A multicenter study that compared IOA between expert endosonographers using both the conventional criteria and Rosemont classification found that there was moderate agreement (K = 0.54 [95% CI 0.44 – 0.66]) and substantial agreement (K = 0.65 [95% CI 0.52 – 0.77]), respectively. However, there was no statistically significant difference between classification systems. Other studies have similarly shown that the Rosemont classi­fication does not improve IOA compared to the conventional classification. ^,

Comparing two Japanese diagnostic criteria in 2009 and 2019 (which simplified the EUS findings as mentioned above), the IOA was better for the simplified version. This suggests that use of a more abbreviated and clearly defined list of criteria may be of more benefit to endosonographers when evaluating chronic pancreatitis.

EUS elastography

EUS elastography has been shown in several studies to enhance the EUS diagnostic accuracy of CP, with its objectivity helping overcome the limitations of EUS interobserver variability.
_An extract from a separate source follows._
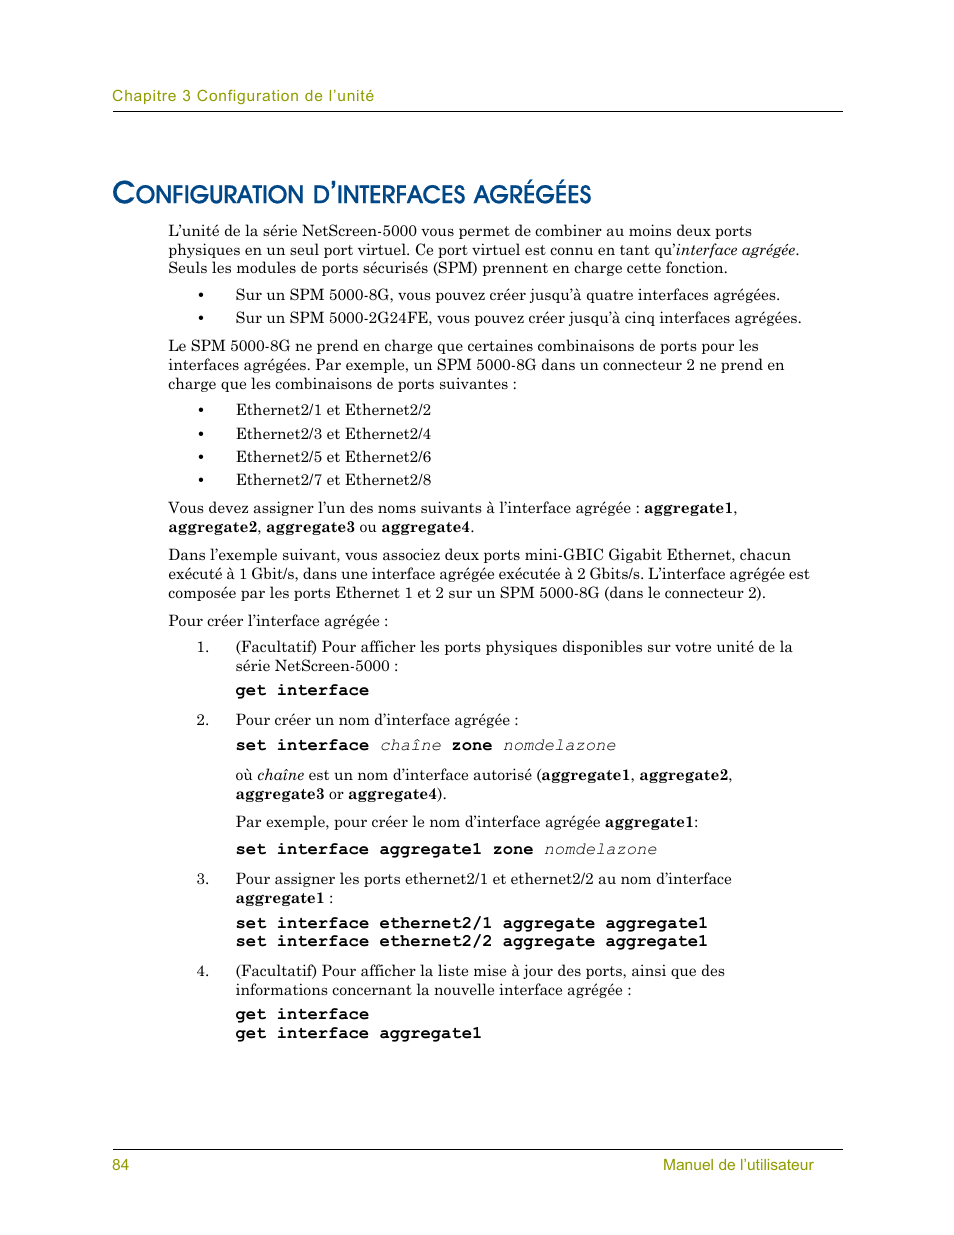 Configuration d’interfaces agrégées, Onfiguration, Interfaces | Agrégées | Juniper Networks 5000 SERIES Manuel d'utilisation | Page 96 / 116

Elastography assesses tissue stiffness by applying slight compression and comparing images before and after compression to determine the degree of tissue displacement. In patients with known or suspected CP, there was a negative correlation with mean value and number of Rosemont features on EUS ( r = – 0.59, P < .001). A mean elastography value of 90.1 ± 19.3, 73.2 ± 10.6, 63.7 ± 14.2, and 56.1 ± 13.6 was found in patients meeting the Rosemont criteria for normal, indeterminate for CP, suggestive of CP, and consistent with CP categories ( P < .001 for differences between each stage), respectively. A mean strain ratio (SR; quotient B/A ratio with area A corresponding to the largest possible area of the pancreatic parenchyma and area B as the reference area corresponding to the normal surrounding gut wall) taken from an average of the head, body, and tail was found to have a direct linear correlation to the number of EUS Rosemont criteria ( r = 0.813, P < .0001) with an area under the ROC curve of 0.949 (95% CI 0.916 – 0.982).

EUS elastography has also been used to predict exocrine insufficiency in patients with CP. The 13(C)-mixed triglyceride breath test was used to diagnose exocrine insufficiency in 35 patients (30.4%) diagnosed with CP by MRI/MRCP and EUS. A higher SR (quotient B/A ratio corresponding to the pancreatic parenchyma for area A and a soft peripancreatic reference as area B) of 4.89 (95% CI 4.36 – 5.41) was found in patients with pancreatic insufficiency than those with normal breath tests (2.99 [95% CI 2.82 – 3.16, P < .001]). In addition, patients with a SR >5.5 were 92.8% likely to have pancreatic insufficiency.

EUS shear-wave measurement

EUS shear-wave measurement (EUS-SWM) is thought to provide a more objective absolute value of the pancreatic stiffness than elastography. EUS-SWM is generated by applying a radiation force (push pulse) to a selected region of interest, thereby generating shear waves that propagate perpendicular to initial transmitted ultrasound beam. The tissue elasticity is then evaluated by detection (or tracking) pulses which allow calculation of the propagation velocity of the generated shear waves. The elastic modulus, expressed as kPa, is generated and serves as a measure of the tissue’s elasticity. Harder and more stiff tissues will allow shear waves to move more quickly with faster measured velocities. In one study, the EUS-SWM positively correlated with Rosemont criteria stages ( r = 0.81) and the number of EUS features ( r = 0.72). More research is required for each of these image-enhancing techniques to verify their accuracy and potential role in clinical practice.